### GIVEN MATERIAL

----

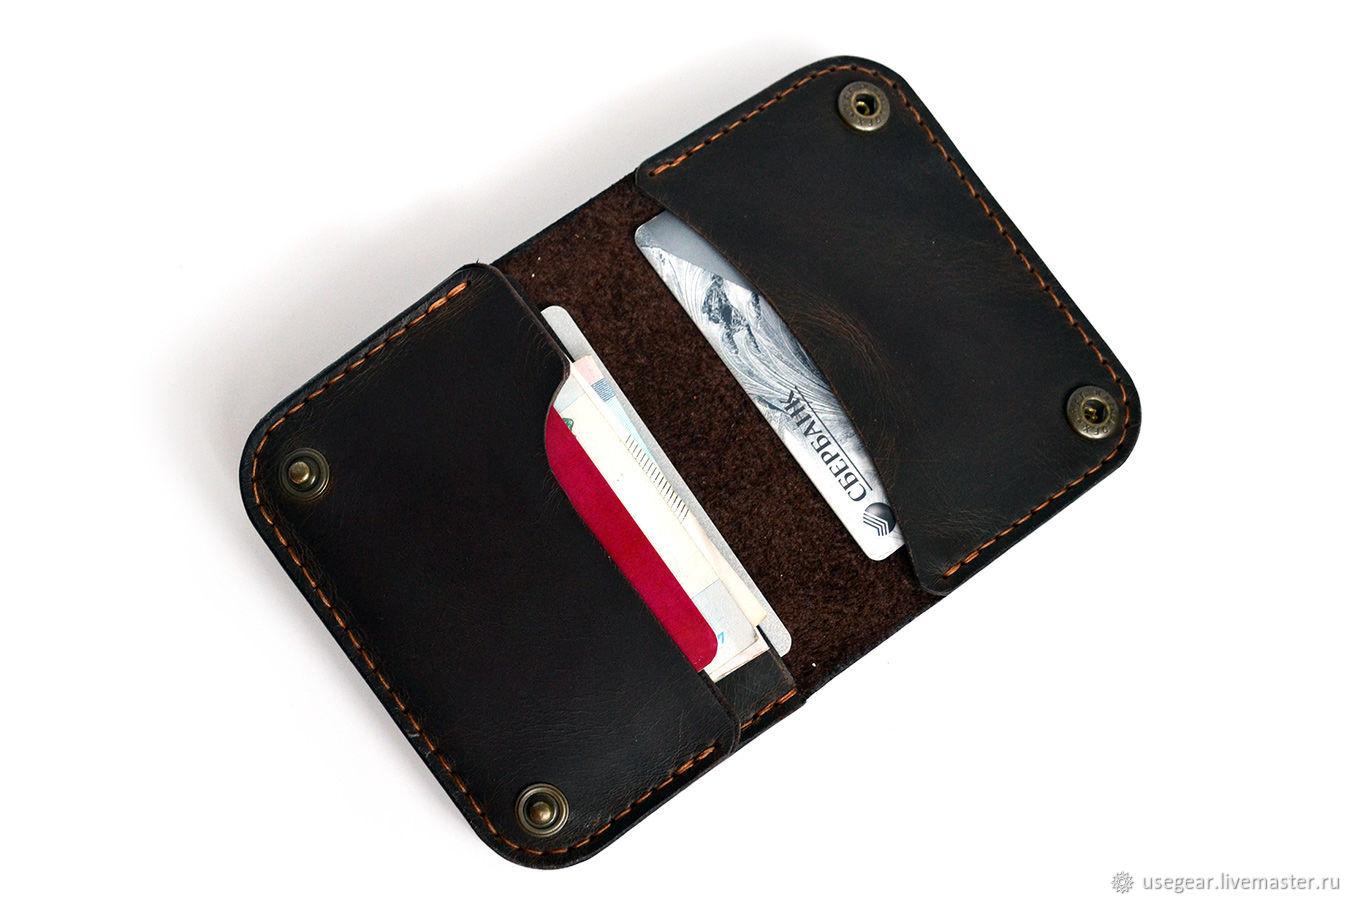 Кожаный кошелек BIF коричневый, Кошельки, Москва,  Фото №1
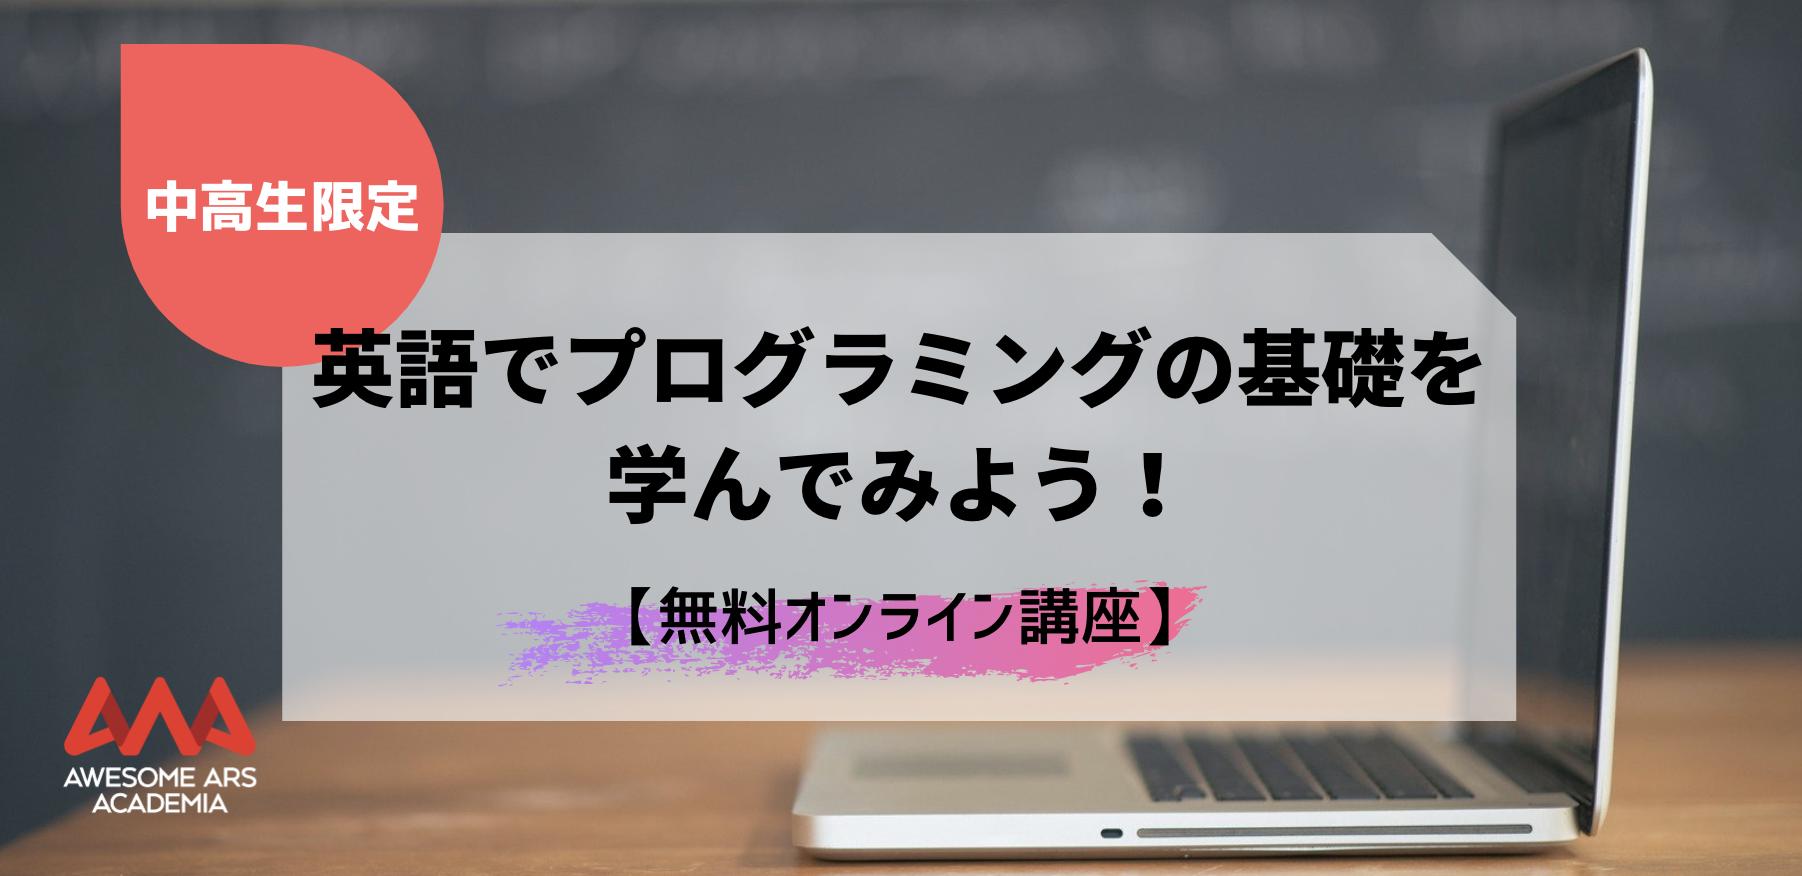 オンラインプログラミング講座
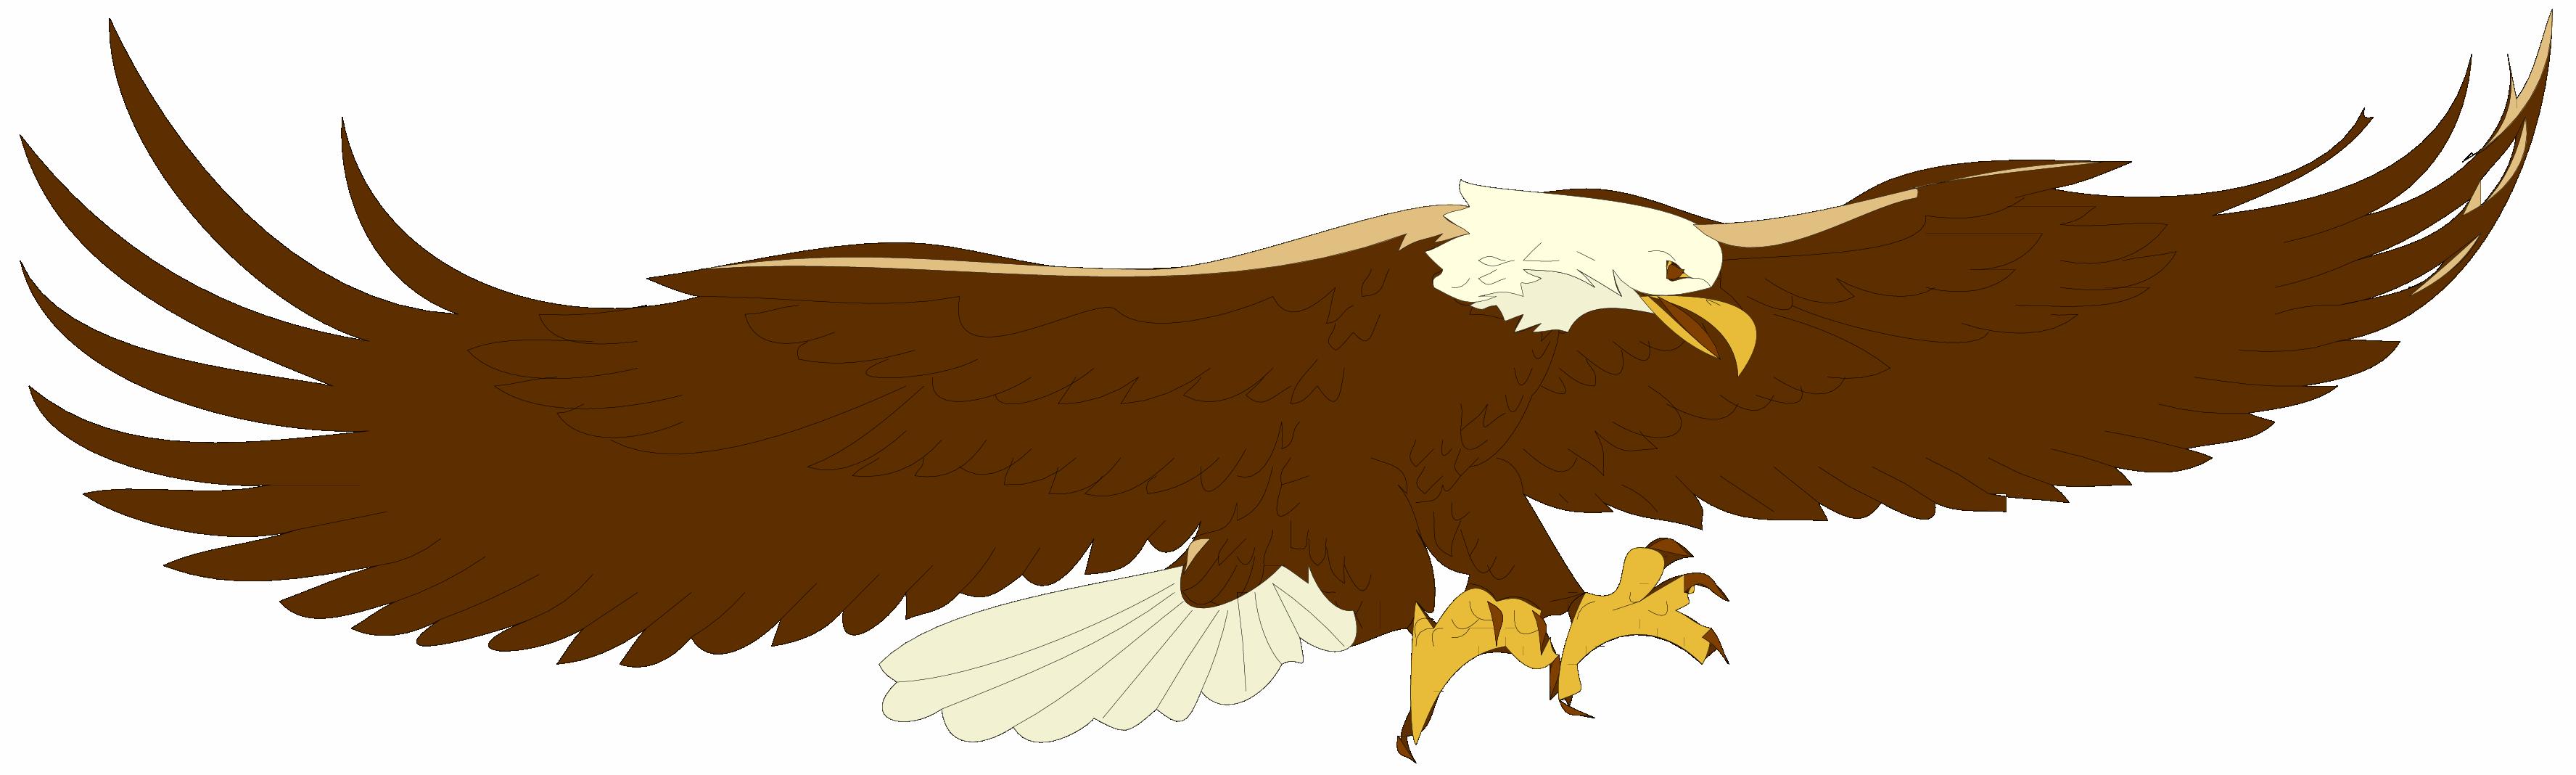 Free Eagle Clipart Image.

----

Reproduce the material exactly. Pictures stay out.

 Кожаный кошелек BIF коричневый, Кошельки, Москва,  Фото №1
 オンラインプログラミング講座
 Free Eagle Clipart Image.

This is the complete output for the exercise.